我想在data.table中返回一个新列,该列显示向下的行数,直到达到低于当前值(Temp)的值。
library(data.table)
set.seed(123)
DT <- data.table( Temp = runif(10,0,20) )
这就是我希望它的样子:
set.seed(123)
DT <- data.table(
Temp = runif(10,0,20),
Day_Below_Temp = c("5","1","3","2","1","NA","3","1","1","NA")
)
答案 0 :(得分:4)
在当前开发版本中使用新实现的非equi连接,可以通过以下简单方式完成:
require(data.table) # v1.9.7+
DT[, row := .I] # add row numbers
DT[DT, x.row-i.row, on = .(row > row, Temp < Temp), mult="first"]
# [1] 5 1 3 2 1 NA 3 1 1 NA
行号是必要的,因为我们需要找到低于当前索引的索引,因此需要成为连接中的条件。我们执行自联接,即,对于DT
(内部)中的每一行,根据提供给on
参数的条件,我们在{DT
中找到第一个匹配的行索引{1}}(外部)。

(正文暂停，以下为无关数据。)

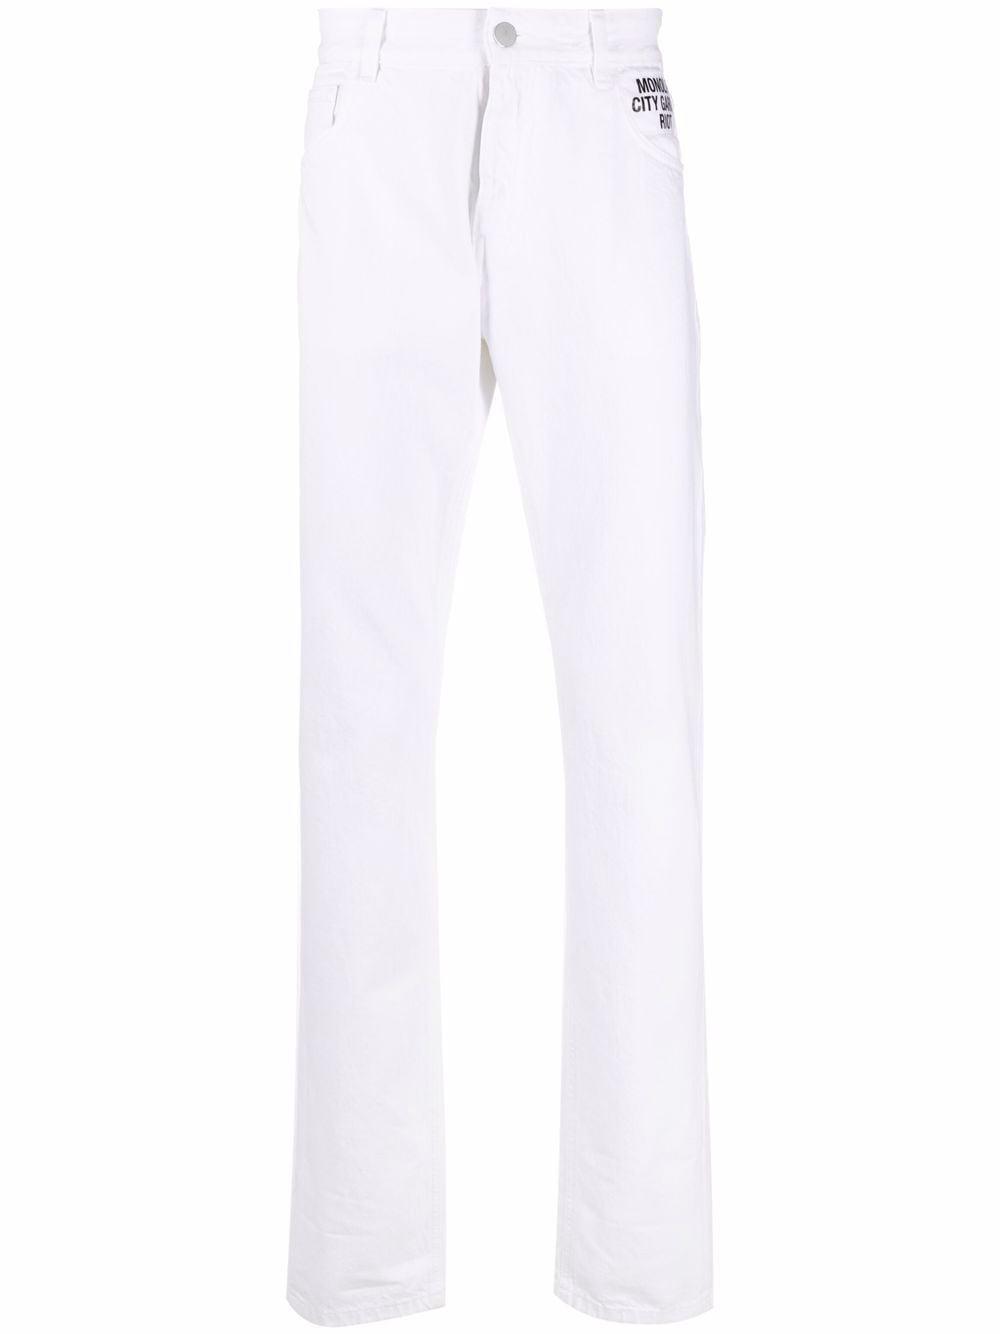 Raf Simons Slim-fit Denim Jeans in White for Men - Save 40% - Lyst

然后我们减去行索引以从当前行获取位置。 x.row
指的是内部DT
的外部i.row
和DT
的索引。
要获取devel版本,请参阅安装说明here。
在1e5行:
set.seed(123)
DT <- data.table(Temp = runif(1e5L, 0L, 20L))
DT[, row := .I]
system.time({
ans = DT[DT, x.row-i.row, on = .(row > row, Temp < Temp), mult="first", verbose=TRUE]
})
# Non-equi join operators detected ...
# forder took ... 0.001 secs
# Generating non-equi group ids ... done in 0.452 secs
# Recomputing forder with non-equi ids ... done in 0.001 secs
# Found 623 non-equi group(s) ...
# Starting bmerge ...done in 8.118 secs
# Detected that j uses these columns: x.row,i.row
# user system elapsed
# 8.492 0.038 8.577
head(ans)
# [1] 5 1 3 2 1 12
tail(ans)
# [1] 2 1 1 2 1 NA
答案 1 :(得分:2)
这是一个dplyr
方法:
library(dplyr)
set.seed(123)
dt <- data.frame( Temp = runif(10,0,20) )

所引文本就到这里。